Function Summary for Custom Language Management

Lexer and stemmer plugin configuration is done through the custom language management library module. The module includes the following functions. For more details, see the XQuery/XSLT Function Reference or the MarkLogic Server-Side JavaScript Function Reference.

Function Description

clang:language-config-read (XQuery)

clang.languageConfigRead (JavaScript)

Read the current custom language configuration. You should always begin your configuration changes by calling this function.

clang:language-config-write (XQuery)

clang.languageConfigWrite (JavaScript)

Commit custom language configuration changes. Your changes will not take effect unless you call this function. Note: Calling this function restarts MarkLogic.

clang:language-config-delete (XQuery)

clang.languageConfigDelete (JavaScript)

Remove all custom language configuration from your MarkLogic installation. Note: Calling this function restarts MarkLogic.

clang:update-user-language (XQuery)

clang.updateUserLanguage (JavaScript)

Modify a language config element to add/replace configuration for a specific language. Your change will not take effect until you call clang:language-config-write (XQuery) or clang.languageConfigWrite (JavaScript).

clang:delete-user-language (XQuery)

clang.deleteUserLanguage (JavaScript)

Modify a language config element to remove configuration for a specific language. Your change will not take effect until you call clang:language-config-write (XQuery) or clang.languageConfigWrite (JavaScript).

clang:user-language (XQuery)

clang.userLanguage (JavaScript)

Construct a custom language-to-plugin binding that can be used to update the custom language configuration. This is the unit of change for clang:update-user-language and clang.updateUserLanguage.

clang:user-language-plugin (XQuery)

clang.userLanguagePlugin (JavaScript)

Construct a custom lexer/stemmer plugin reference that can be used to update the configuration for a language.

clang:lexer (XQuery)

clang.lexer (JavaScript)

Construct a reference to a lexer capability in a native plugin. Use the output of this function as input to clang:user-language-plugin or clang.userLanguagePlugin.

clang:stemmer (XQuery)

clang.stemmer (JavaScript)

Construct a reference to a stemmer capability in a native plugin.

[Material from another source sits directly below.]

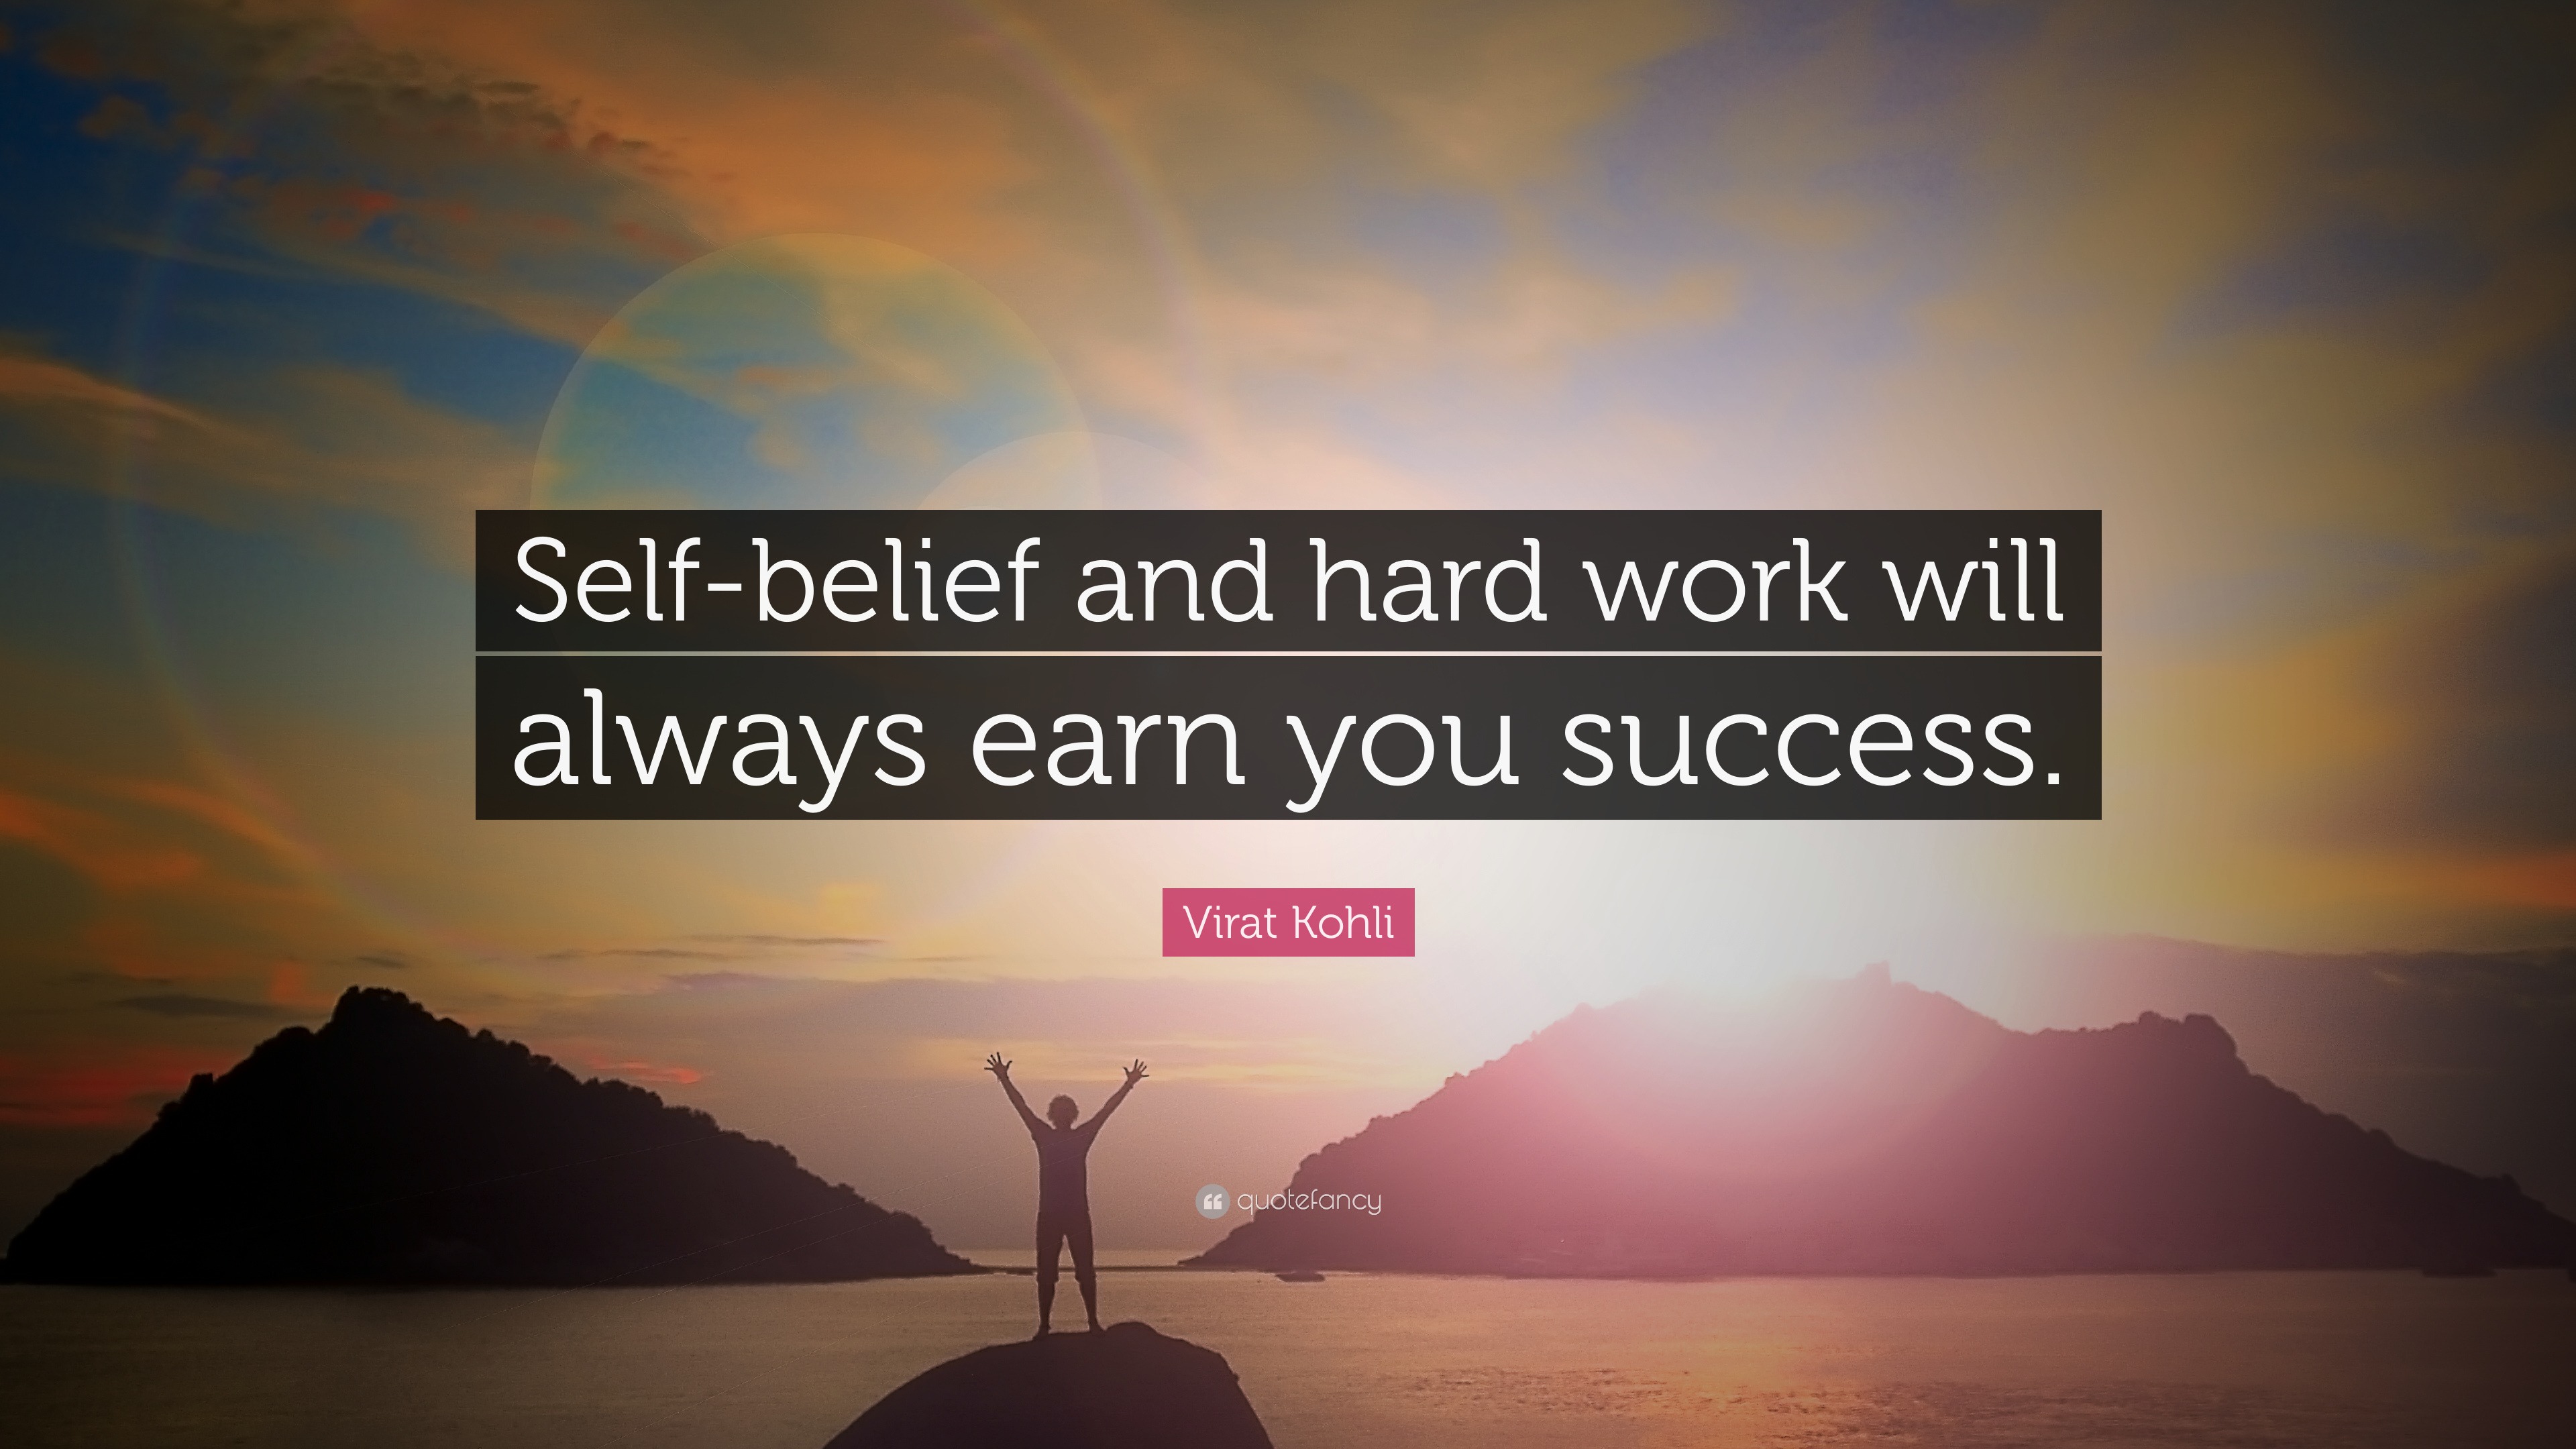 Virat Kohli Quote: “Self-belief and hard work will always earn you ...

Use the output of this function as input to clang:user-language-plugin or clang.userLanguagePlugin.

Customization Using a Built-In Lexer or Stemmer

This sections describes how to construct a custom lexer or stemmer configuration item based on one of the built-in lexers or stemmers, rather than on a user-defined plugin.

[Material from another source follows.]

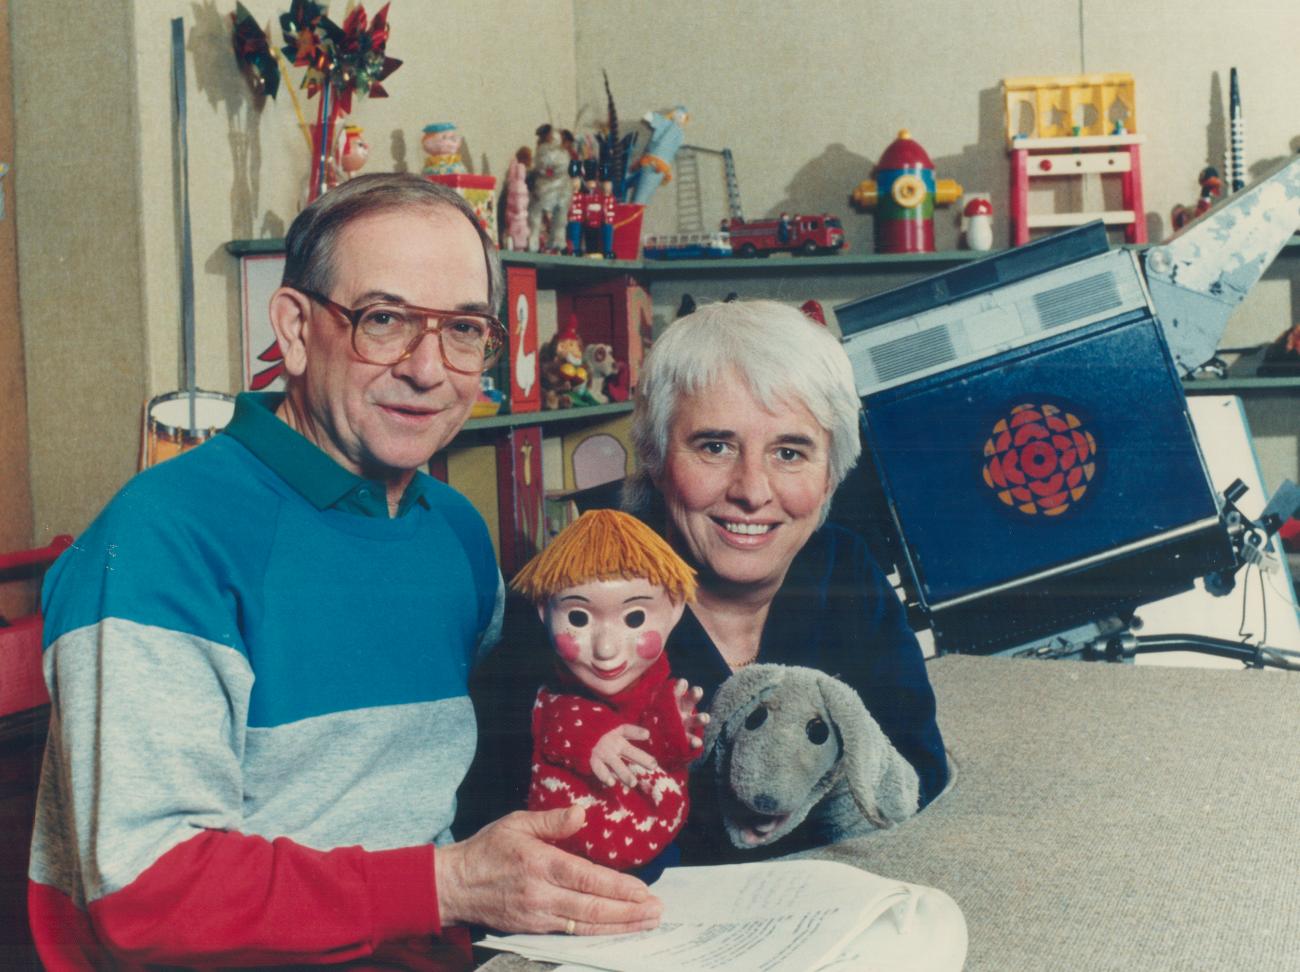 Ernie Coombs and a woman with two puppets.

Setting the library argument of clang:user-language-plugin or clang.userLanguagePlugin to an empty string tells MarkLogic you are referencing a built-in plugin. For example, the following call constructs a stemmer configuration item based on the built-in Snowball stemmer. Notice that the first parameter (library) is an empty string.

XQuery: clang:user-language-plugin("",(),clang:stemmer("snowball"))

JavaScript: clang.userLanguagePlugin('', null, clang.stemmer('snowball')

The first argument of the stemmer constructor should be one of the built-in stemmer names from Built-in Stemmer Plugin Reference. You can configure a custom lexer at the same time by including a clang.lexer or clang.lexer configuration item as the 3rd parameter.

If you associate a custom lexer dictionary with a language, you must reinstall it if you change the lexer plugin for the language. Similarly, if you associate a custom stemming dictionary with a language, you must reinstall it if you change the stemmer plugin for the language.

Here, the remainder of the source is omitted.